→ **PROBLEM DESCRIPTION**: Produce a word-for-word copy of the line that contains "Свадьба зимой: идеи" and each line after it through the end of the material, omitting pictures and all other lines.

→ **THE DATA**:
______

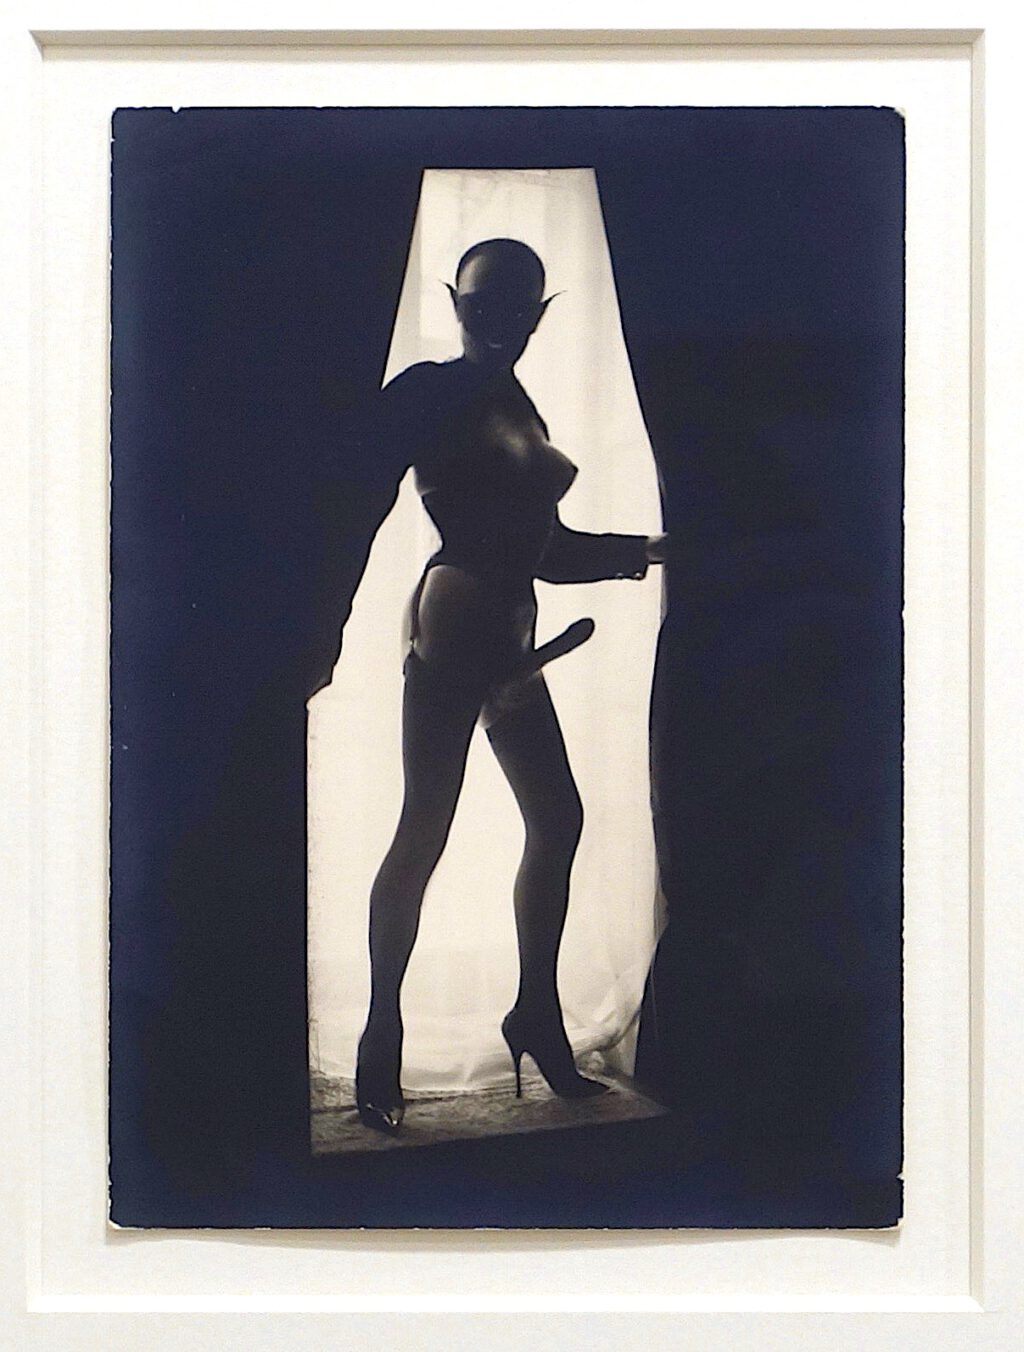 Pierre Molinier Chaman 1966 Tirage argentique d’époque, 17.5 x 12.5 cm, 18.000 Euro @ Galerie 1900-2000
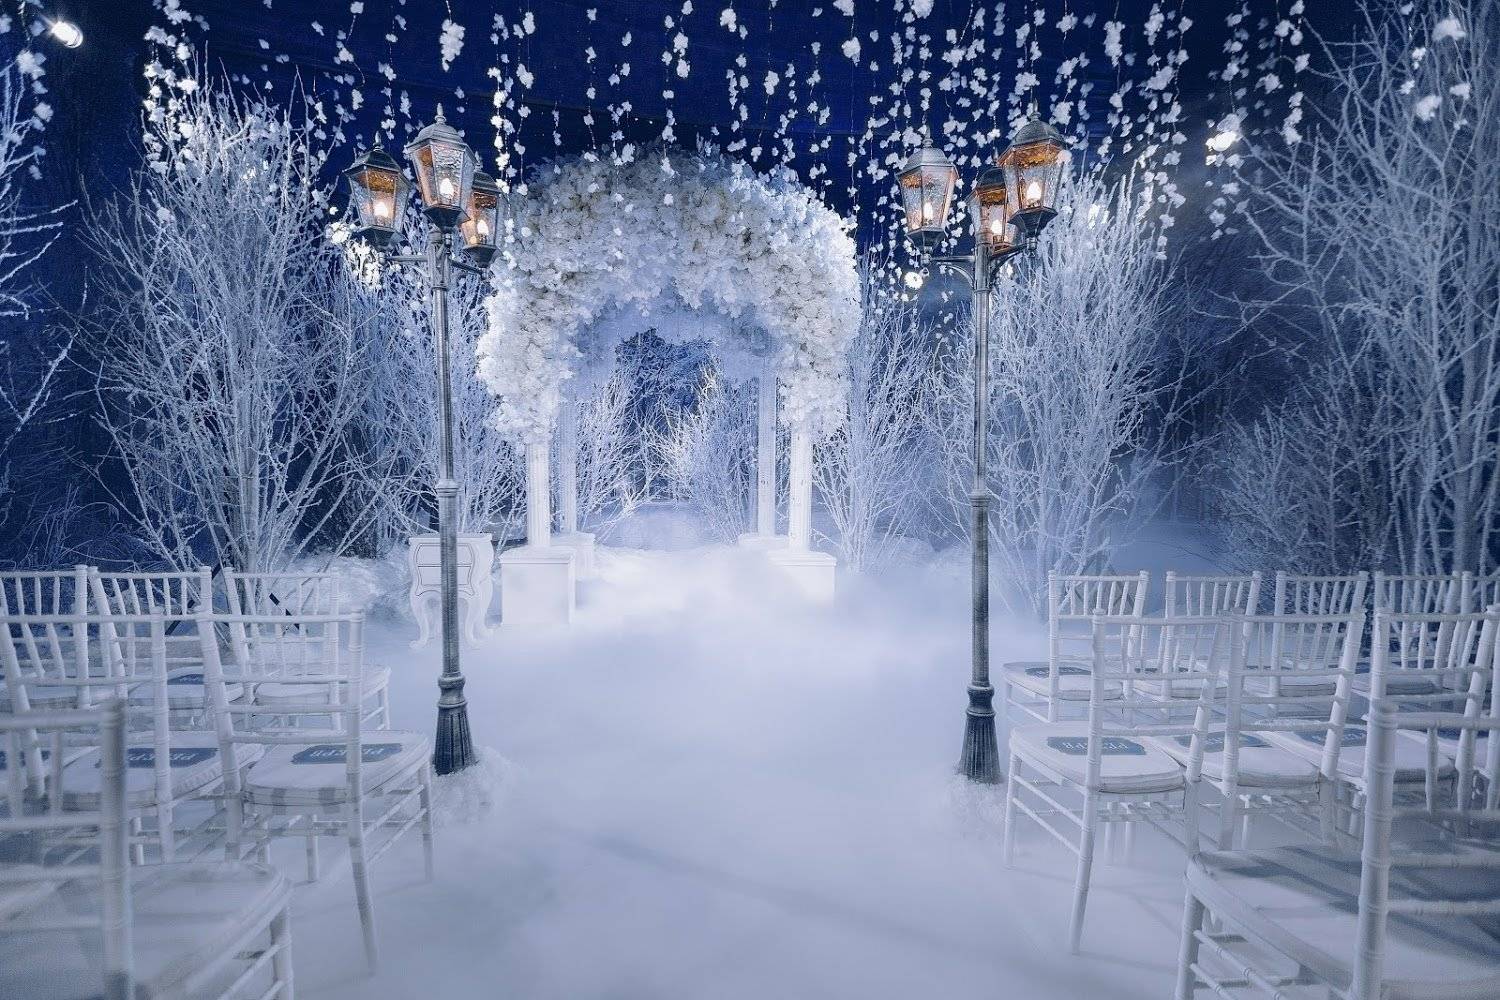 Свадьба зимой: идеи для проведения и оформления торжества, плюсы и минусы зимней свадьбы
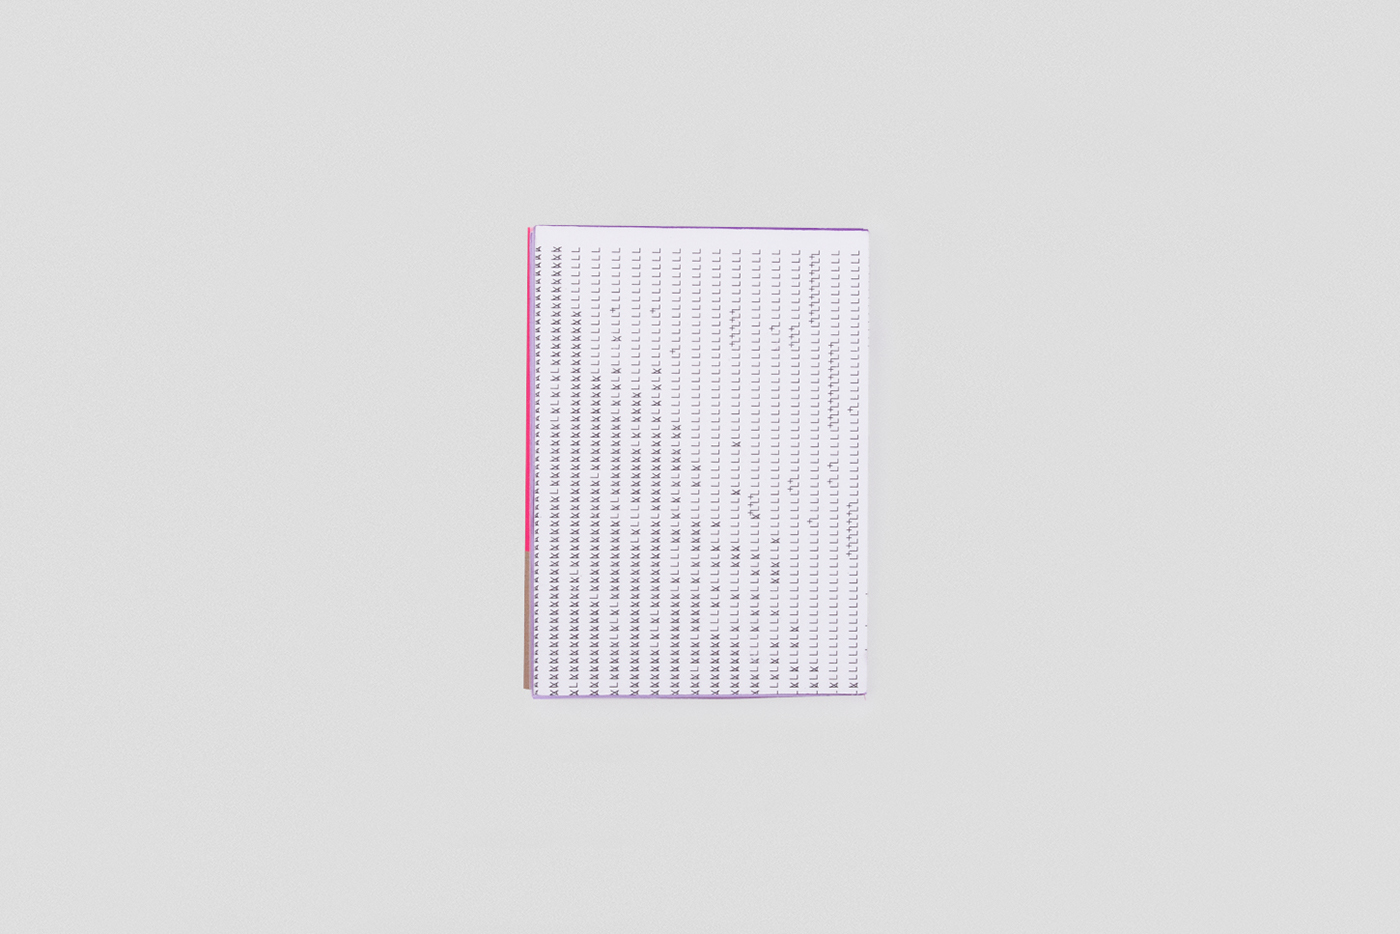 onebookaweek und fertig typewriter pink neon word Analogue
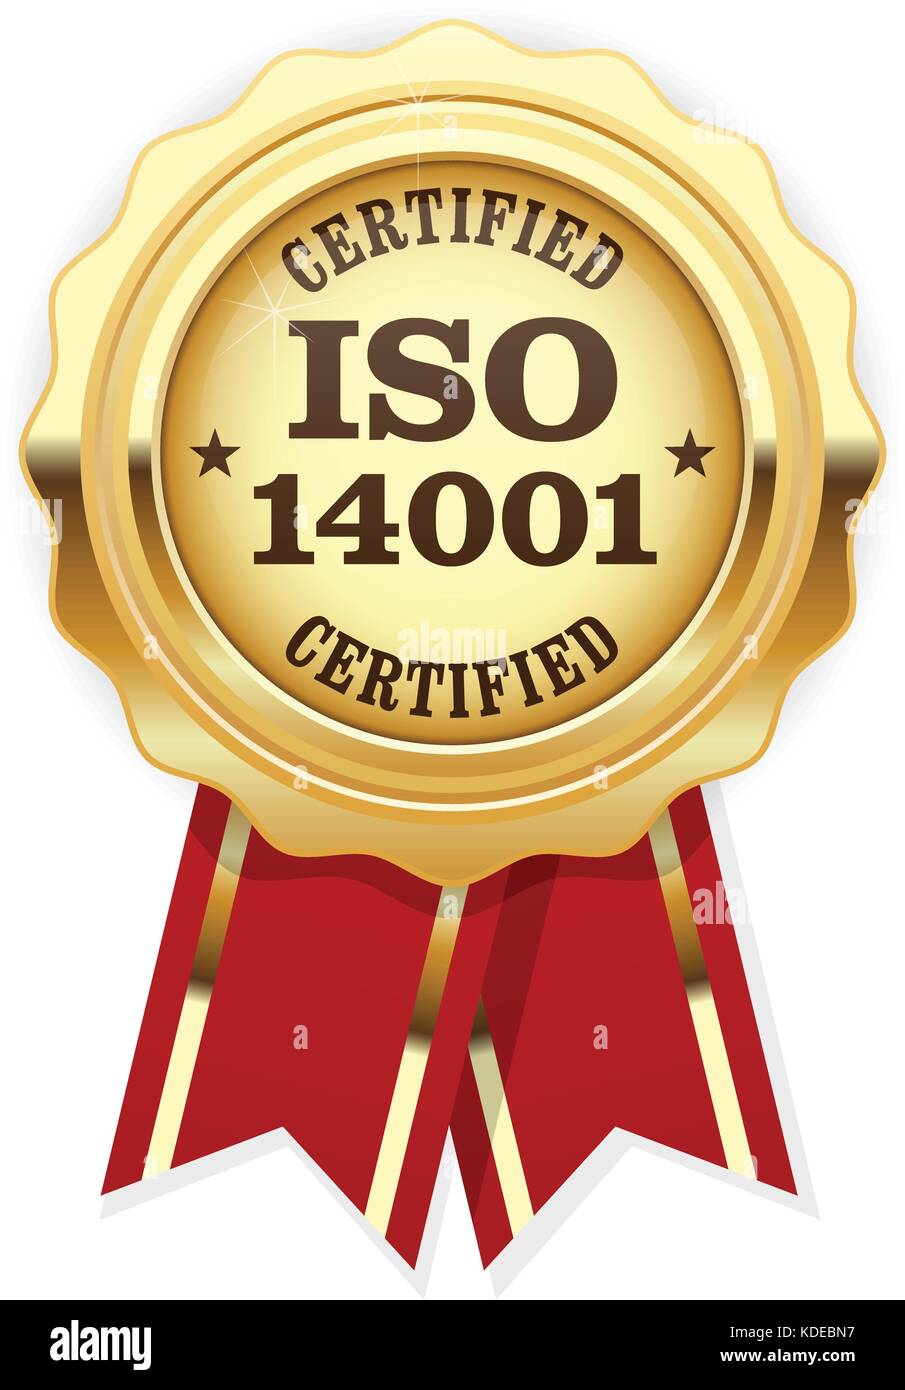 Certificazione ISO 14001 - standard di qualità di sigillo d'oro, gestione ambientale Illustrazione Vettoriale

______

→ **ANSWER SECTION**:
 Свадьба зимой: идеи для проведения и оформления торжества, плюсы и минусы зимней свадьбы
 onebookaweek und fertig typewriter pink neon word Analogue
 Certificazione ISO 14001 - standard di qualità di sigillo d'oro, gestione ambientale Illustrazione Vettoriale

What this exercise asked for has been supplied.